Action item » Exactly as written, retype the listing below, omitting the pictures.

Data extract »
========

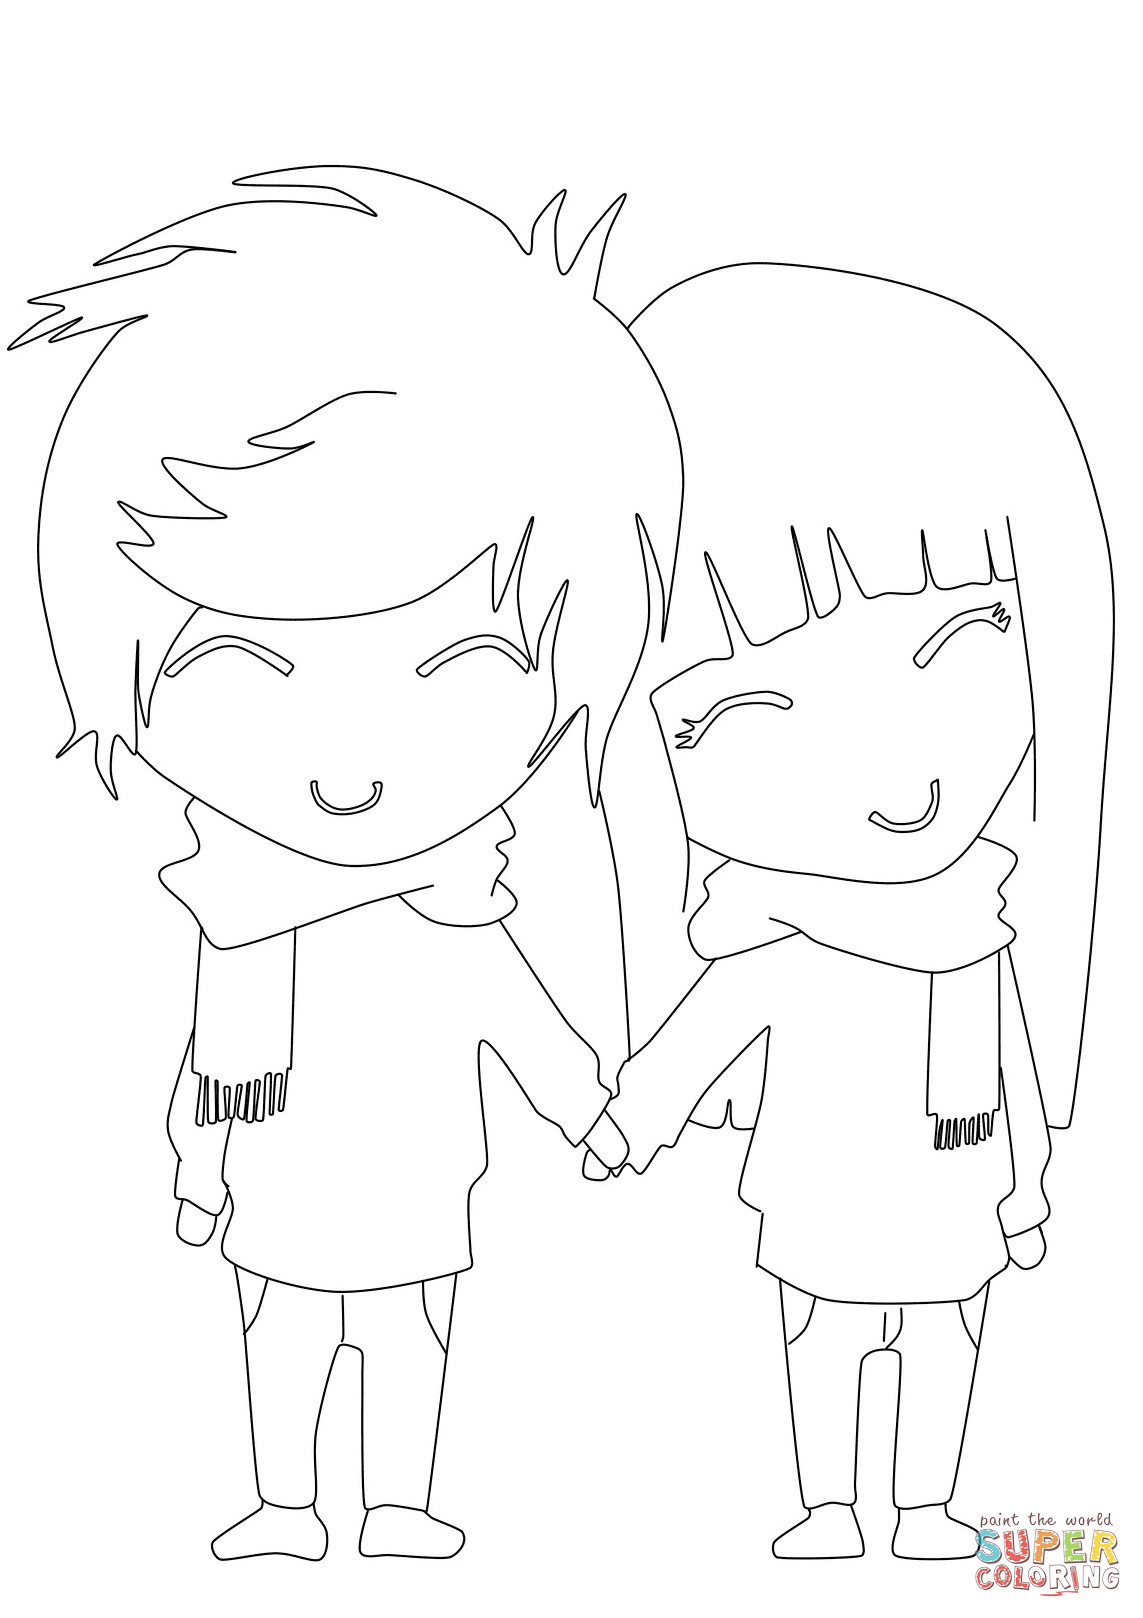 Coloring Pages For Girls And Boys
 Dibujo de Muchacho y muchacha del Anime para colorear
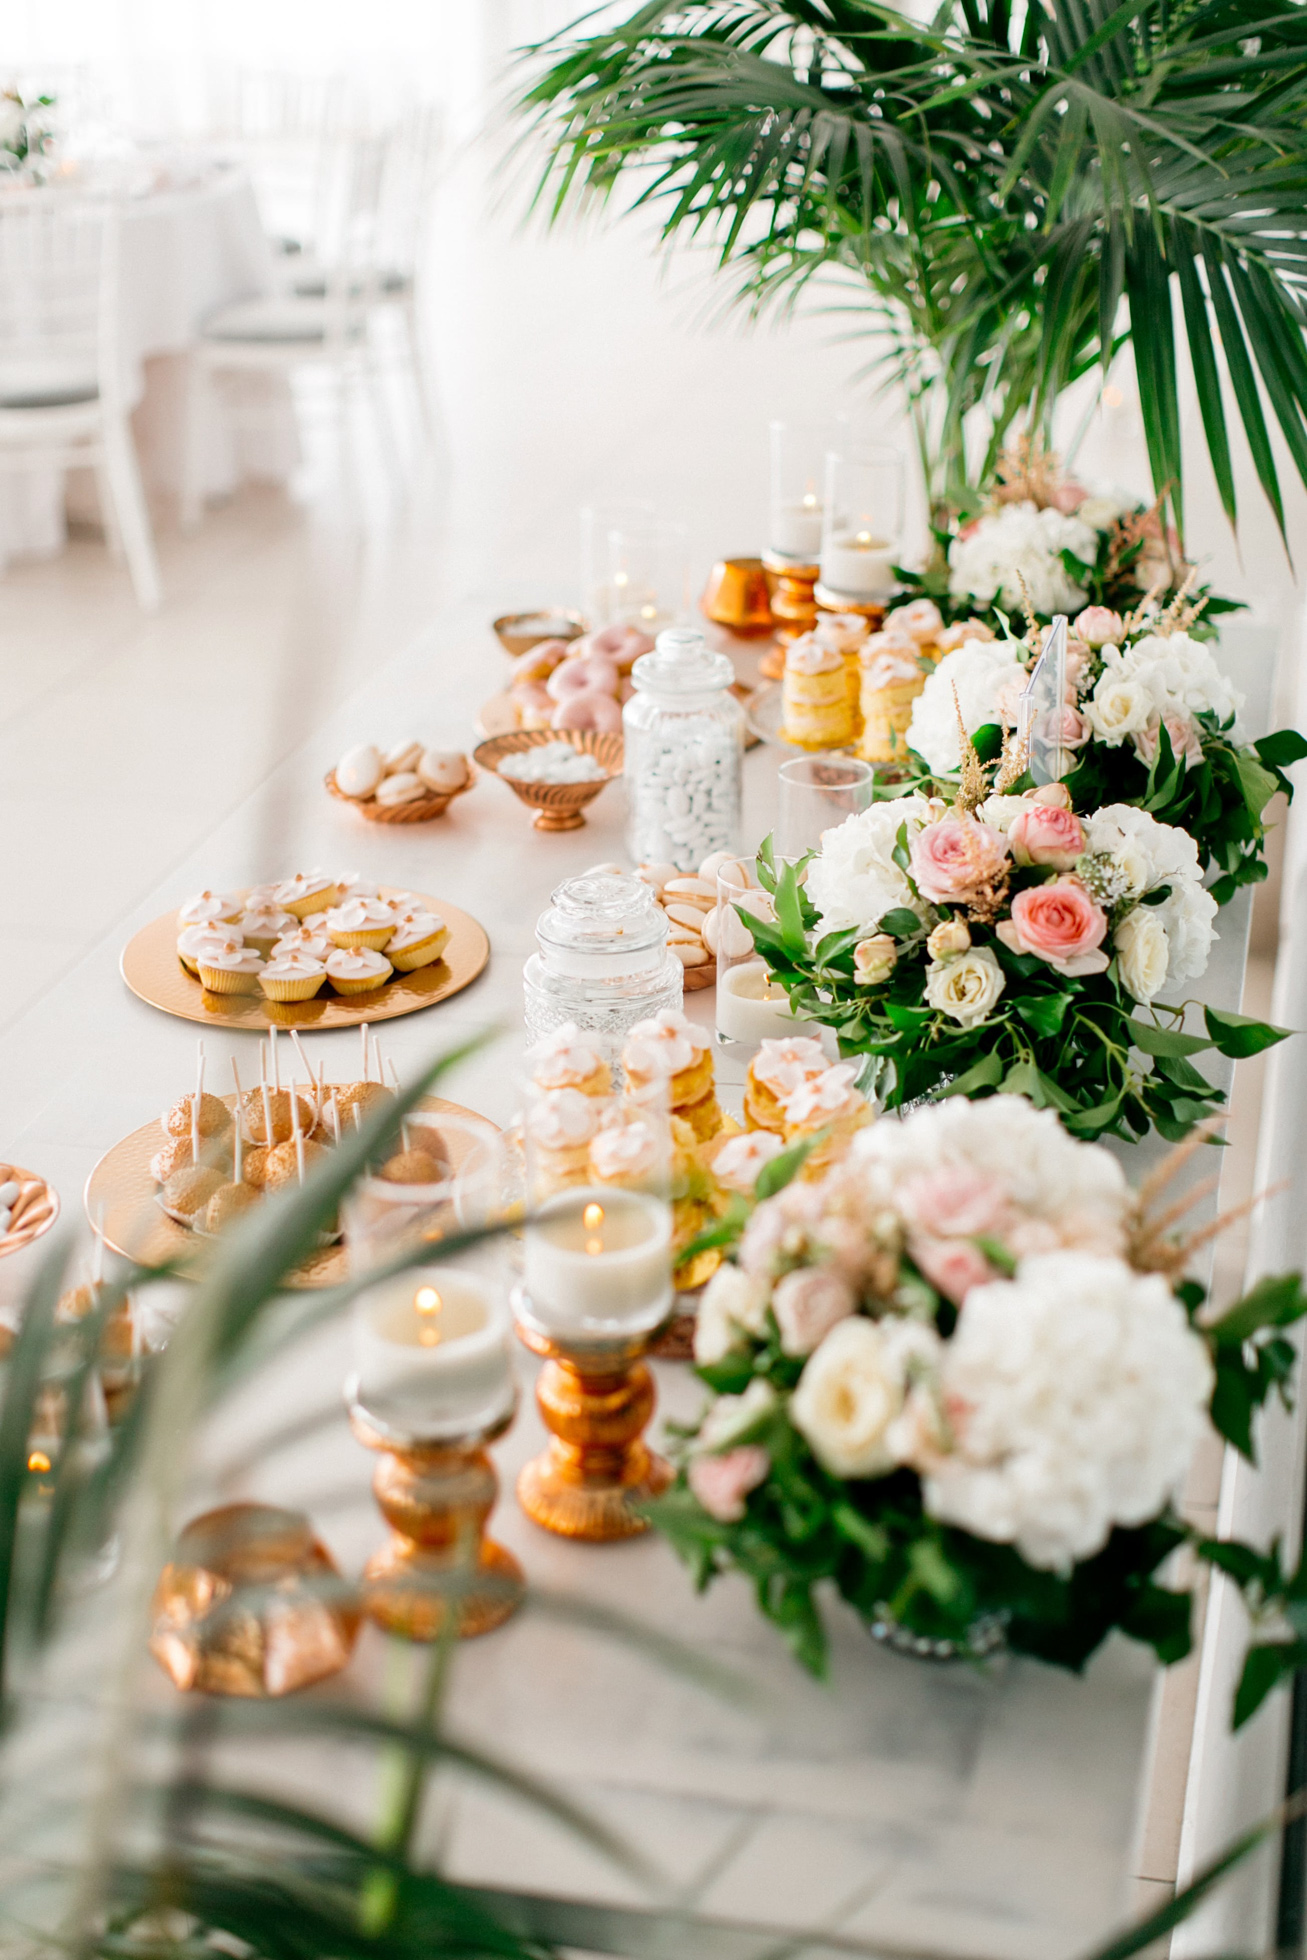 Wedding dinner details and reception decoration in white and blush pink including the sweets table at Le Ciel wedding estate in Santorini island, Greece.

========

Answer box »
 Coloring Pages For Girls And Boys
 Dibujo de Muchacho y muchacha del Anime para colorear
 Wedding dinner details and reception decoration in white and blush pink including the sweets table at Le Ciel wedding estate in Santorini island, Greece.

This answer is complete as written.